Connect Capture API to any MCP-compatible AI client (Claude, Cursor, Codex, OpenCode, VS Code, and more) using the Model Context Protocol. Generate screenshots, PDFs, extract content, and drive browser sessions directly from AI conversations.

What is MCP?

The Model Context Protocol (MCP) lets any MCP-compatible AI client connect directly to Capture's API, enabling you to capture screenshots, generate PDFs, extract content, and drive interactive browser sessions from your AI conversations.
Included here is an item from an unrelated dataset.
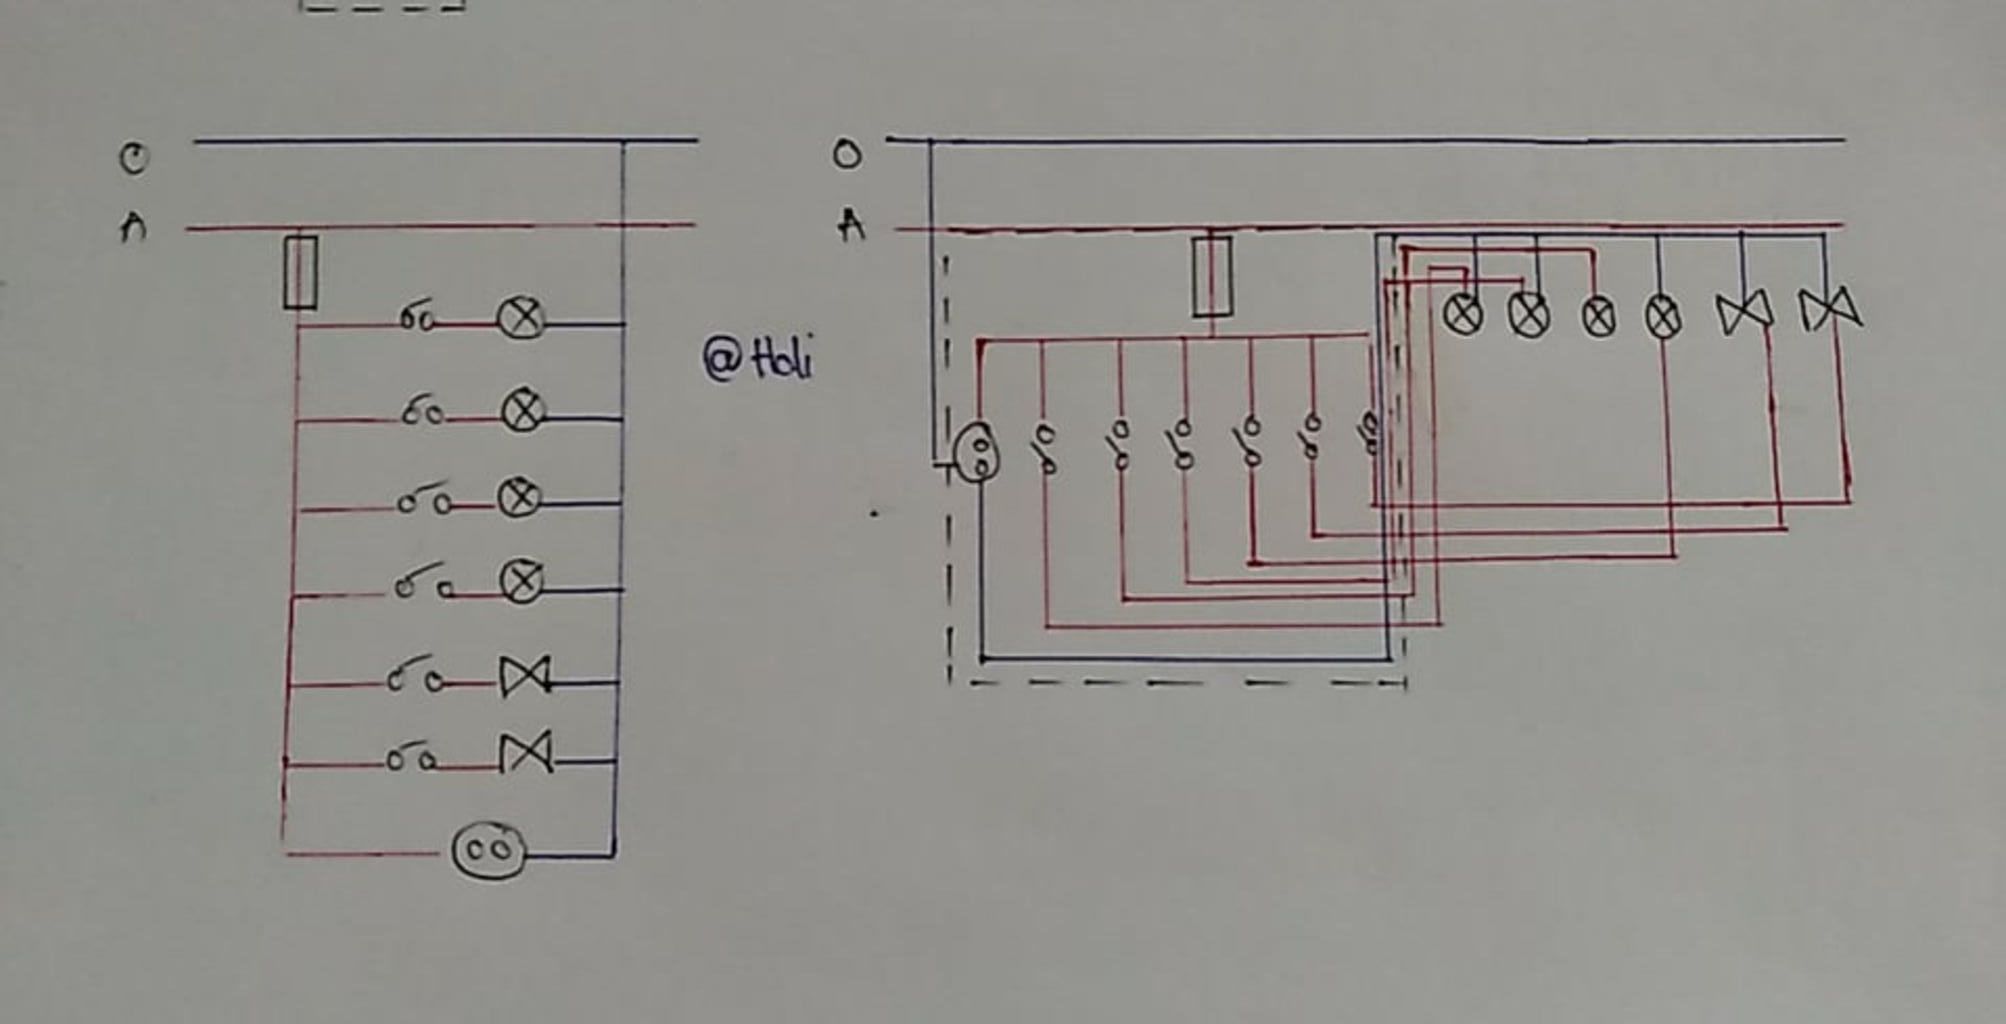 Xem sơ đồ nguyên lí và lắp đặt mạch điện trong hình ảnh liên quan để hiểu rõ hơn về cấu trúc của thiết bị điện. Bạn sẽ khám phá được nhiều kiến thức thú vị và bổ ích.

Capture runs a remote MCP server over Streamable HTTP, so it works with any client that supports remote MCP servers — including Claude, Cursor, Codex, OpenCode, VS Code, and others.

Connection Details

Most MCP clients only need two things:

Field	Value
Server URL	`https://capture.page/mcp/v1`
Transport	Streamable HTTP
Auth header	`Authorization: Bearer YOUR_TOKEN_HERE`

Get Your Bearer Token

Visit the MCP Integration page in your Capture dashboard to get your auto-generated Bearer token. This token authenticates your MCP connection and combines your API key and secret.

Setup

Config formats differ between clients — use the example that matches yours and replace YOUR_TOKEN_HERE with your Bearer token. Any client not shown here can be configured with the Server URL and Authorization header from the table above, following its own MCP docs.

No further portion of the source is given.